Even from the beginning, oratorio trod a fine dividing line between theatre and concert and eschewed any liturgical function entirely. This has parallels elsewhere. In Germany, Telemann's liturgical passions were paralleled by his passion oratorios -- dramatic recountings of the passion story written for performance in the opera house. In Italy, Carissimi had written oratorios with a liturgical function, but during Handel's visit to Rome, cantatas and oratorios would receive full, costumed stagings. In France, Charpentier's experiments with the form would lead him, in David et Jonathas, to a form surprisingly close to fully developed Handelian oratorio.

Can we learn anything else about oratorio, other than that it is awkwardly theatrical in form? Nowadays, there is a tendency to define it simply via the performance requirements -- a Handel oratorio is any large-scale work which needs to be performed in English by chorus, orchestra and soloists. But in Handel's day the view was probably rather different. Charles Jennens, who wrote a number of librettos for Handel, added his own notes to his copy of Mainwaring's biography of Handel. In the list of Handel's works, Jennens divides the oratorios into a number of categories: Serenata, Ode, Oratorio, Opera -- this is where he makes his memorable comment about Semele being a bawdy opera.

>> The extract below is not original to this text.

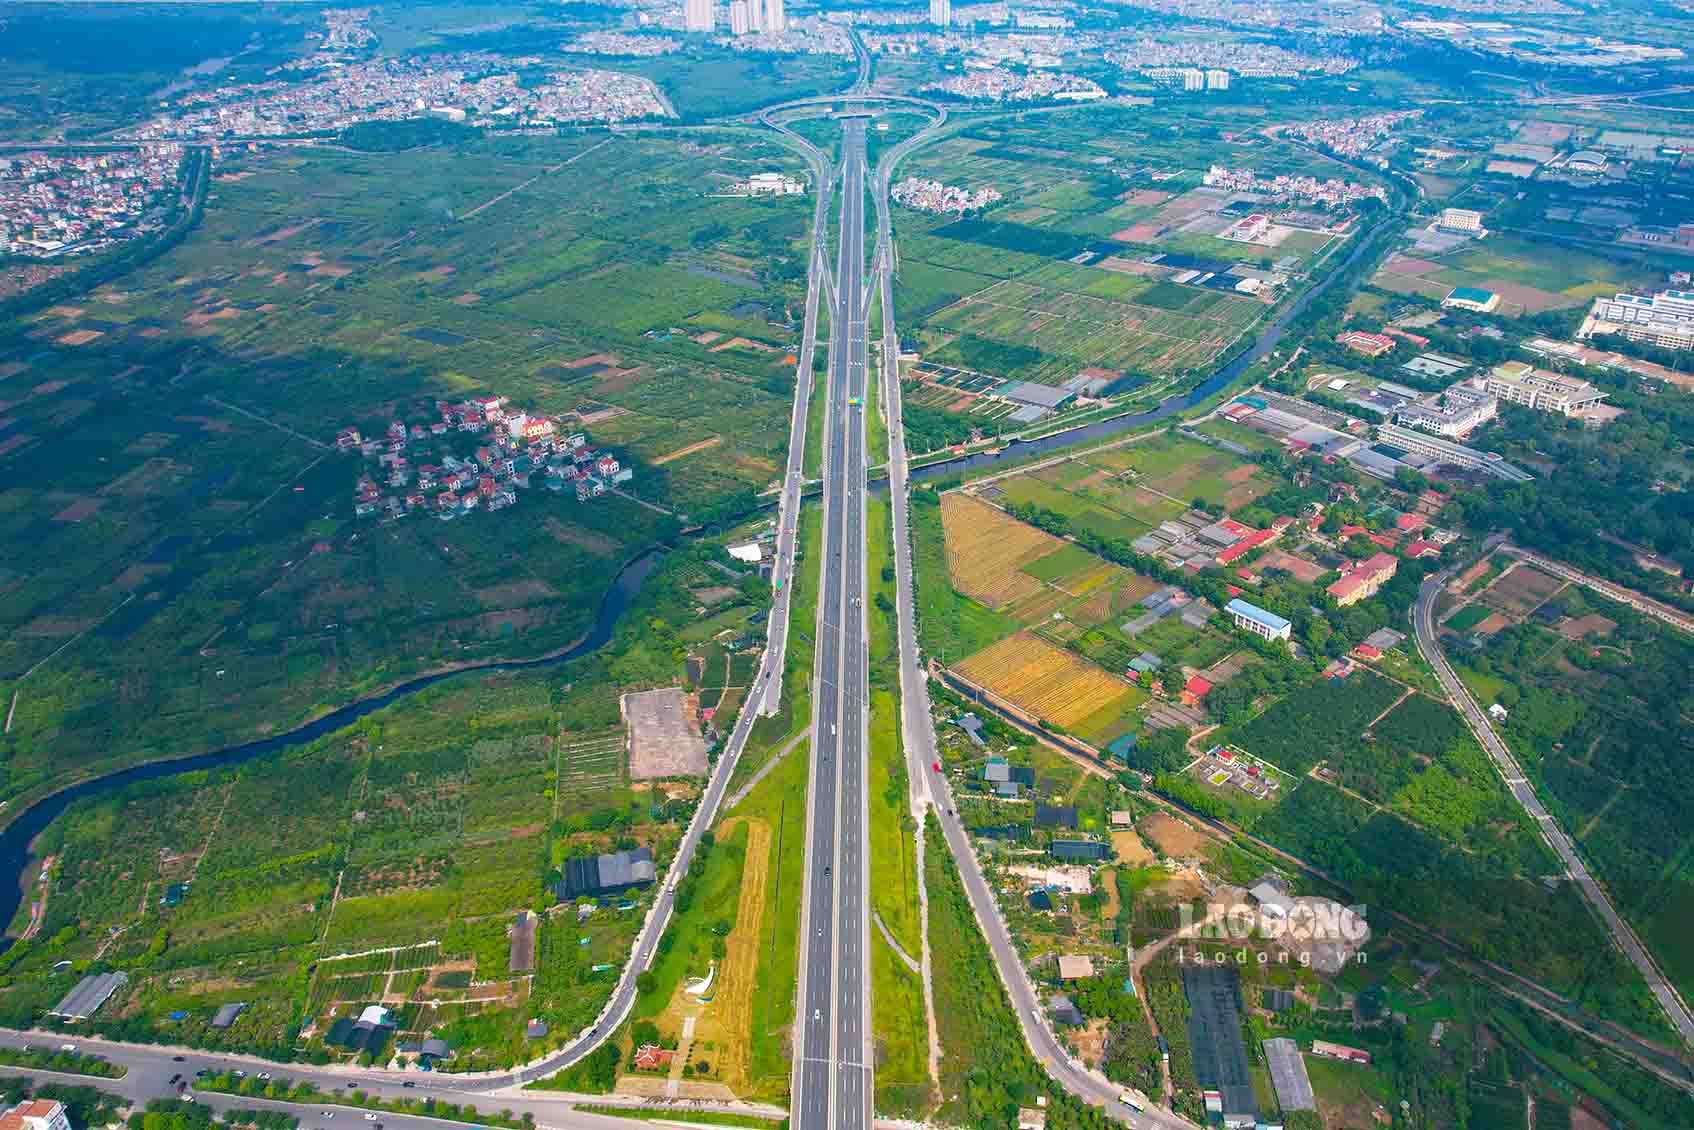 Với lợi thế nằm ở cửa ngõ phía đông thành phố Hà Nội, có nhiều tuyến đường giao thông huyết mạch đi qua như quốc lộ 1A kết nối Bắc Ninh; quốc lộ 3 mới kết nối Hà Nội, Thái Nguyên; quốc lộ 5B nối với tỉnh Hưng Yên và TP Hải Phòng. 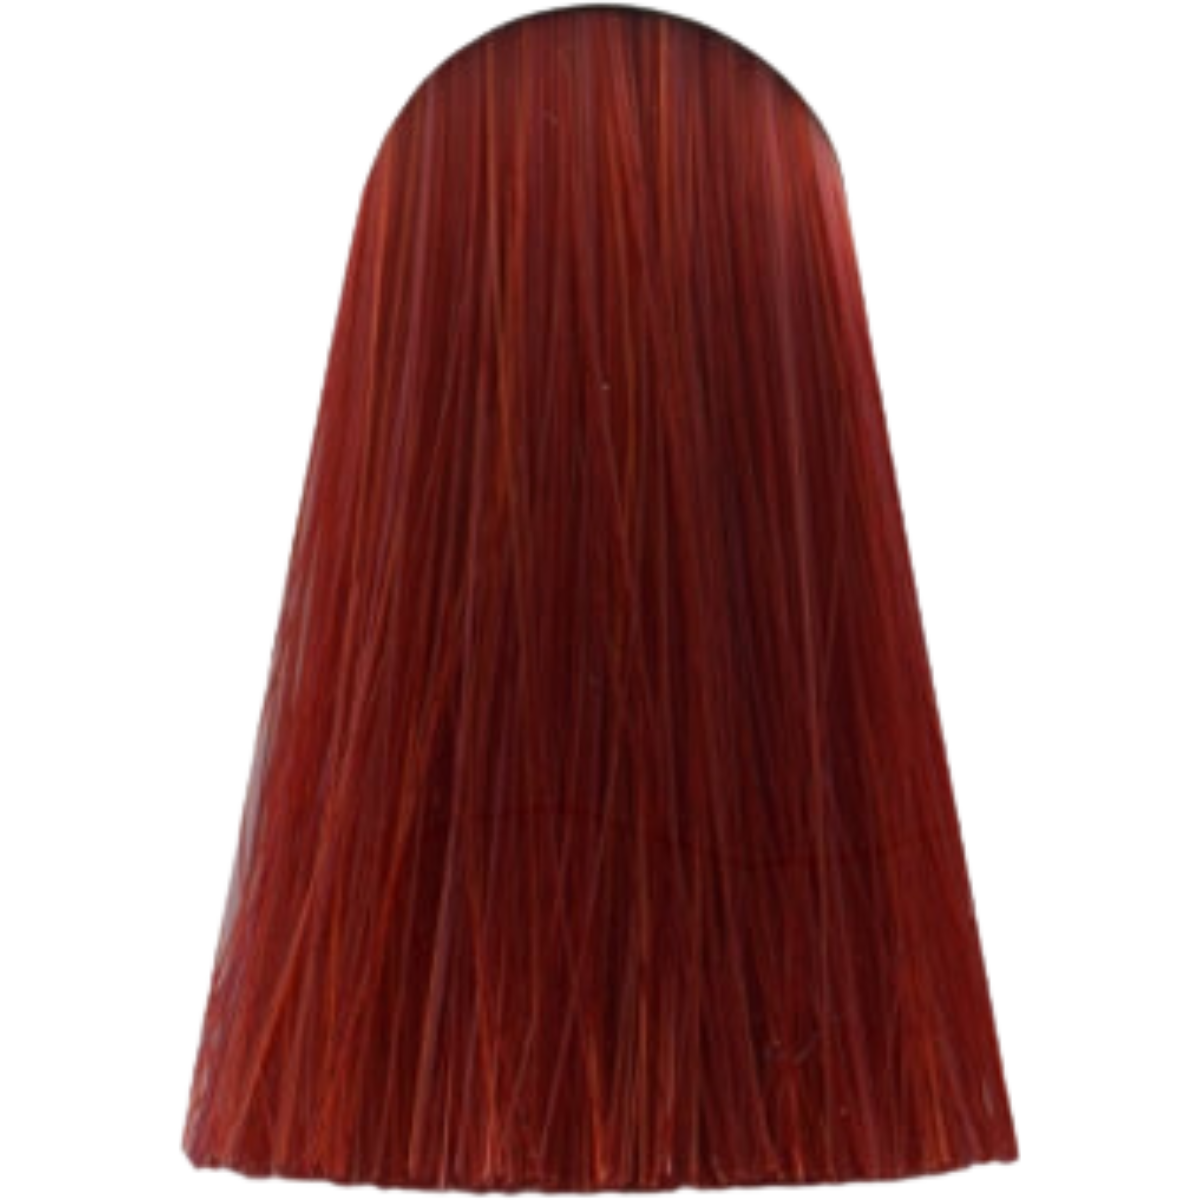 צבע לשיער מיקס 0.66 CREATOR INTENSE RED אינדולה INDOLA צבע לשיער 60 גרם

It is tempting to take this at face value, and regard Semele and Hercules as English operas pure and simple. Semele was, after all, based on an English opera libretto by Congreve. Just to confuse matters, Handel gave one of his Italian operas, Imenio, in concert performance during his stay in Dublin, describing it as a Serenata. It is hard to describe Semele and Hercules as 18th century operas because Handel adapted the libretto to his own purposes and both works include large-scale static choruses of a form which would seem to have precluded them being fully staged in Handel's own day.